どんなふうに笑うのか。何に心を動かされるのか。どんなふうに触れるのか。その指先は冷たいのか温かいのか。どんな顔で眠るのか。

私以外の人の前にいるときにこの人がどんな顔をしているのか、どんな話題を選ぶのか。私と出会う前のこの人が何を考え何をインプットし何をアウトプットして生きてきたのか。この人の中に何が積み上がっているのか。この人がそれをどんな風に積み上げてきたのか。何に欣喜し何に絶望し、それでもなお、何を信じてまた立ち上がったのか。

ひとつひとつたしかめて、私の中のこの人としてしまいこみたい。目の前に物理的に存在するこの人を、私の中で形而上的にもう一度像を結ばせたい。
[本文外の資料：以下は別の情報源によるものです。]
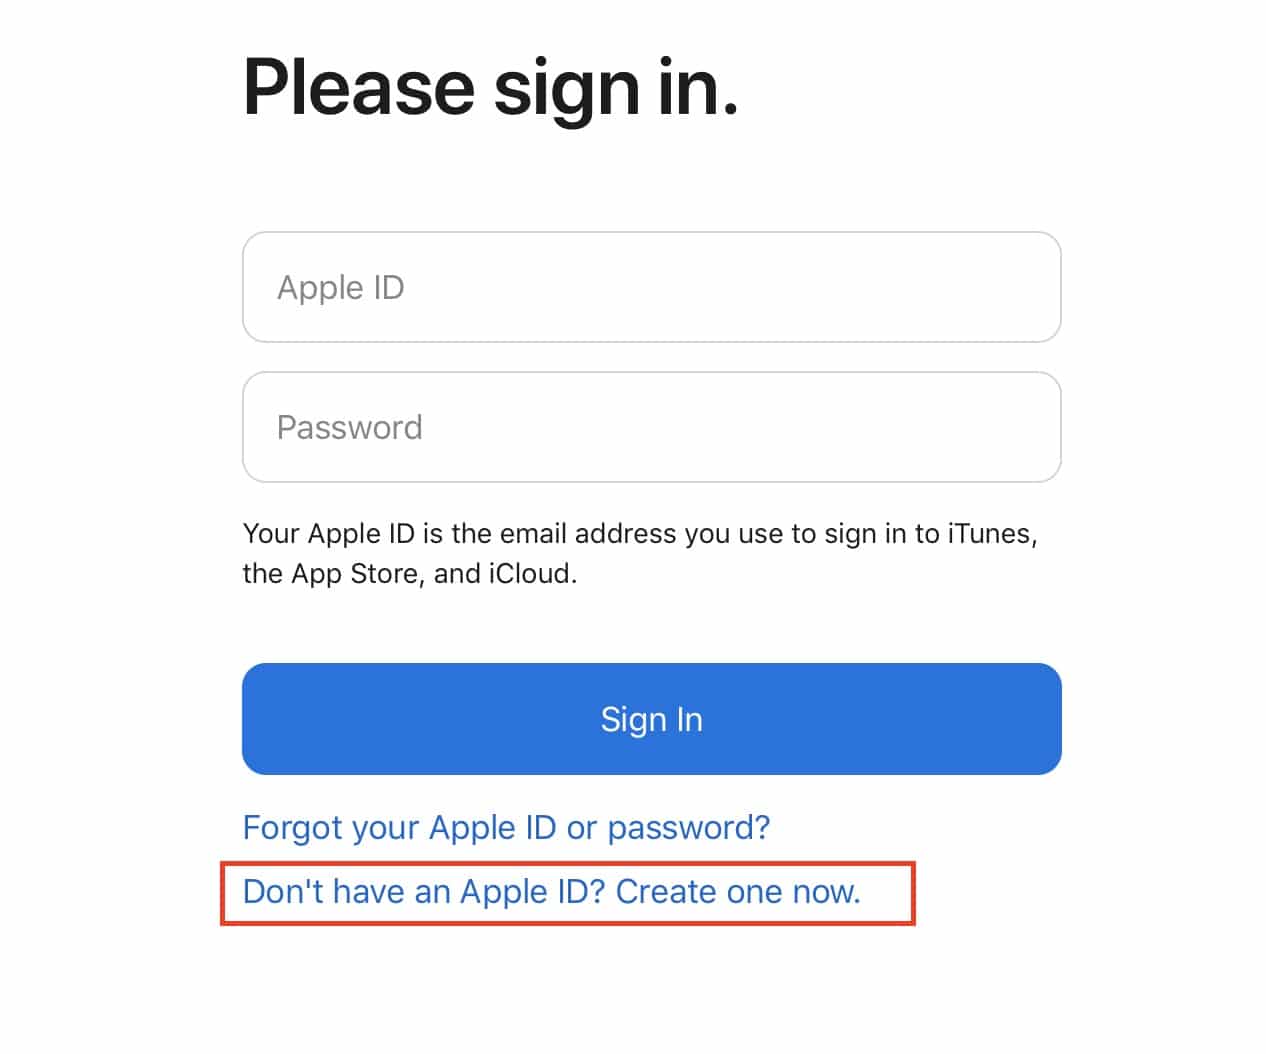 How to get an Apple ID for your iPhone

その一方で、実のところ過去の話など絶対に聞けないのは、恋人が過去に愛した人が、恋人の中でもう一度蘇るのが怖いからだ。

脳内の記憶や像を言語化することは、自己に対する飽くなき問い直しの連続である。私は恋人に、当時の感情の片鱗さえも思い出してほしくないし、その関係性の変遷の是非を問い直してほしくもない。恋人のいつもの細やかな気遣いが、その関係性の中で培われたものだとしても。

細胞は代謝され、感情は上書きされる。視点も視野も思考も、時とともに移ろいゆくものだ。

過去に愛した相手との関わりは、確かに恋人の一部を作り上げているのだろう。ならば私との関わりも、今この瞬間にも少しずつ恋人を作っているのだろう。だから、私は恋人をたしかめながら、言葉のたけを尽くして私を伝えていこうと思う。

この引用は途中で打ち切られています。